69: Deception: Murder In Hong Kong
2025 Rank: 89
Designer: Tobey Ho
Publisher: Grey Fox Games
Player Count: 4-12 (more with expansions)
We played this game so much that the box literally disintegrated. It was our go-to for large groups for years, and we've taught it to more people than I can count. Deception is a team-based deduction game. The Investigators are trying to identify the murderer, along with the means and key evidence, while the murderer (and sometimes an accomplice) tries to hide in plain sight. What makes it work so well is that nobody has to lie or make up stories. There's enough ambiguous information floating around that you can deflect suspicion naturally. Just point the finger at someone else based on what's available. It's perfect for people who feel uncomfortable in other social deduction games. If you've got 7 or more at game night, pull this one out. I love teaching it.
68: Cascadia
2025 Rank: 132
Designer: Randy Flynn
Publisher: Flatout Games
Player Count: 1-4
Cascadia is one of the best introductions to tile-laying games out there. It doesn't restrict where you place tiles the way other games in the genre do, but it rewards players who can place tiles adjacent to matching land types. Each player builds their own ecosystem of different terrain and animals. On your turn, you take one tile and one animal token and add them to your growing landscape. At the end of the game, you score for the largest contiguous section of each land type and for meeting the animal scoring conditions for that session. It's a relaxed, feel-good experience. There's something satisfying about looking at the ecosystem you've built when the game wraps up. I'll always suggest this as the next step up from classic games.
67: Hadara
2025 Rank: 158
Designer: Benjamin Schwer
Publisher: Z-Man Games
Player Count: 2-5
Hadara deserves more attention than it gets. My love for it stems from my love for 7 Wonders Duel. This game captures a similar feeling, but scales up to 5 players. It's a drafting game where each round you're pulling from a different deck of cards, and every player is drafting from a different deck simultaneously, which keeps the pace moving. The cards you draft provide resources that help you score points or improve your ability to draft even better cards in later rounds. There's some set collection woven in, and by the end of the game everyone's tableau looks wildly different. It's been in and out of our mobile library over the years. I think the box cover doesn't do it justice. It doesn't exactly leap off the shelf, which is a shame, because the game inside is excellent.
66: Dice Throne
2025 Rank: 99
Designer: Nate Chatellier, Aaron Hein, Manny Trembley
Publisher: Dice Throne, Inc.
Player Count: 2-6 (best with 2)
Battle Yahtzee. That's the pitch, and it's a good one. Each player picks a hero and fights to the death. Every hero has unique abilities tied to their custom dice. Roll up to three times, keep what you want, then apply the result to one of your abilities. These usually attack your opponent or apply status effects, and because every hero plays so differently, you feel like you're in a completely different game than the person sitting across from you. There are a ton of heroes to choose from, which keeps things fresh. And there's nothing quite like rolling all 6's to trigger your ultimate ability and close out a match.
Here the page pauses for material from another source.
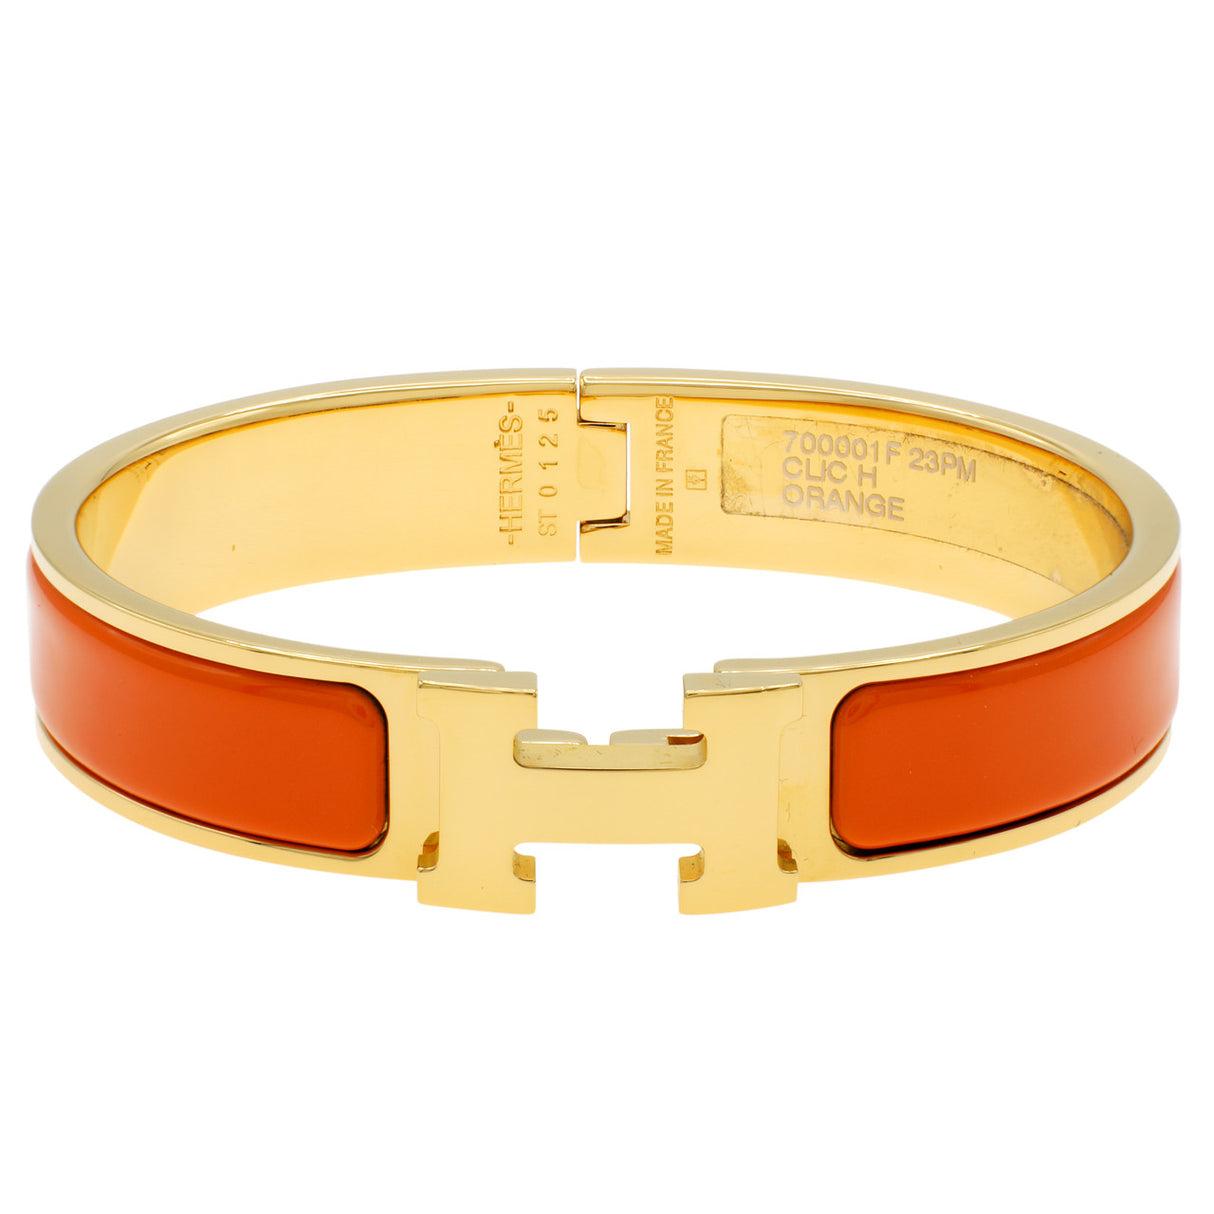 Hermes Orange Enamel  Clic  H  Bracelet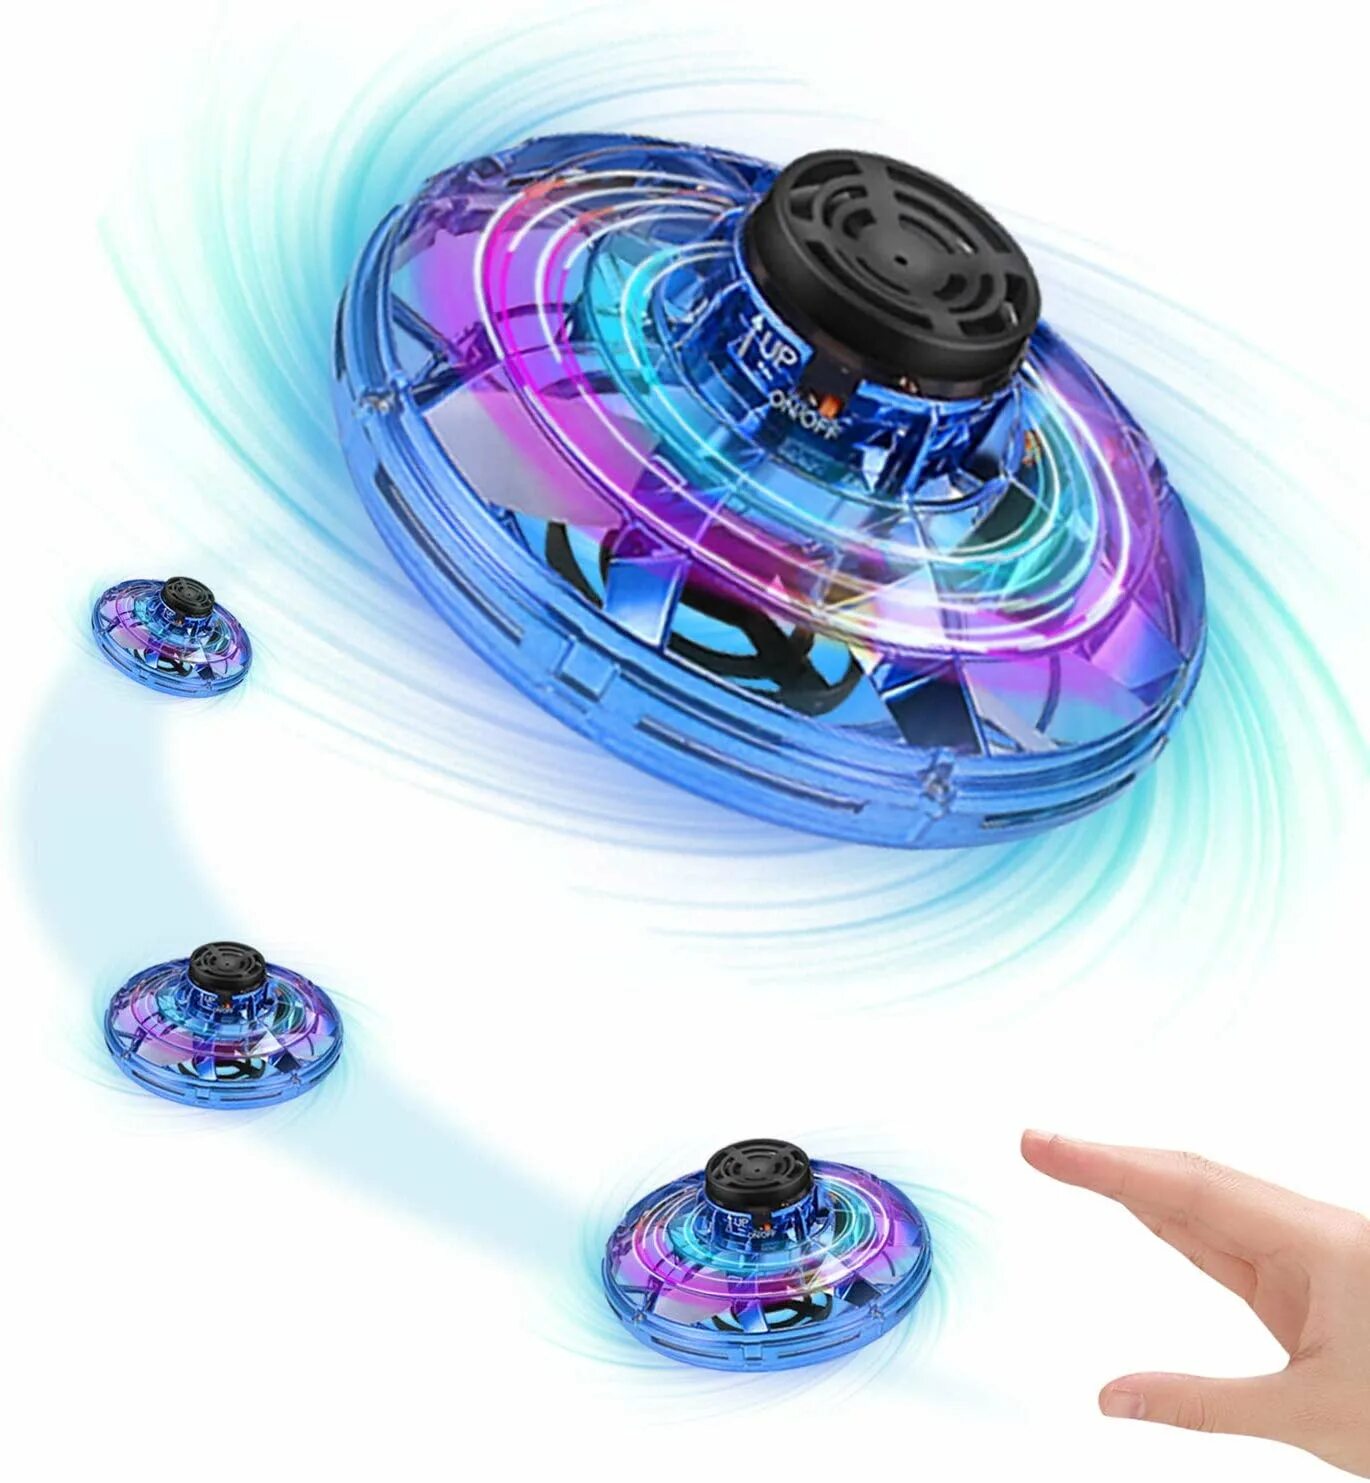 Fly toy. Mini UFO спиннер. Летающий спиннер Бумеранг. Игрушка летающий спиннер НЛО Mini UFO. Mini UFO Haifisch.

65: Architects of the West Kingdom
2025 Rank: New to the list
Designer: S J Macdonald, Shem Phillips
Publisher: Garphill Games
Player Count: 1-5
I was surprised to see this wasn't on my list last year. I looked it up and it was ranked 15 the year before and number 8 the year before that. I still think it could be a top 10 game for me, but I just don't play it often enough. Architects stands apart from most worker placement games by giving you a large pool of workers to deploy throughout the game. The more workers you stack at a single location, the better the reward, but the more tempting it becomes for opponents to capture them and throw them in prison for cash. There are also variable starting bonuses that nudge each player's strategy in a slightly different direction, so everyone isn't racing for the same spots. The game is open enough to give you plenty of options on any given turn, but focused enough that it never feels overwhelming. This is probably my favorite in the West Kingdom series.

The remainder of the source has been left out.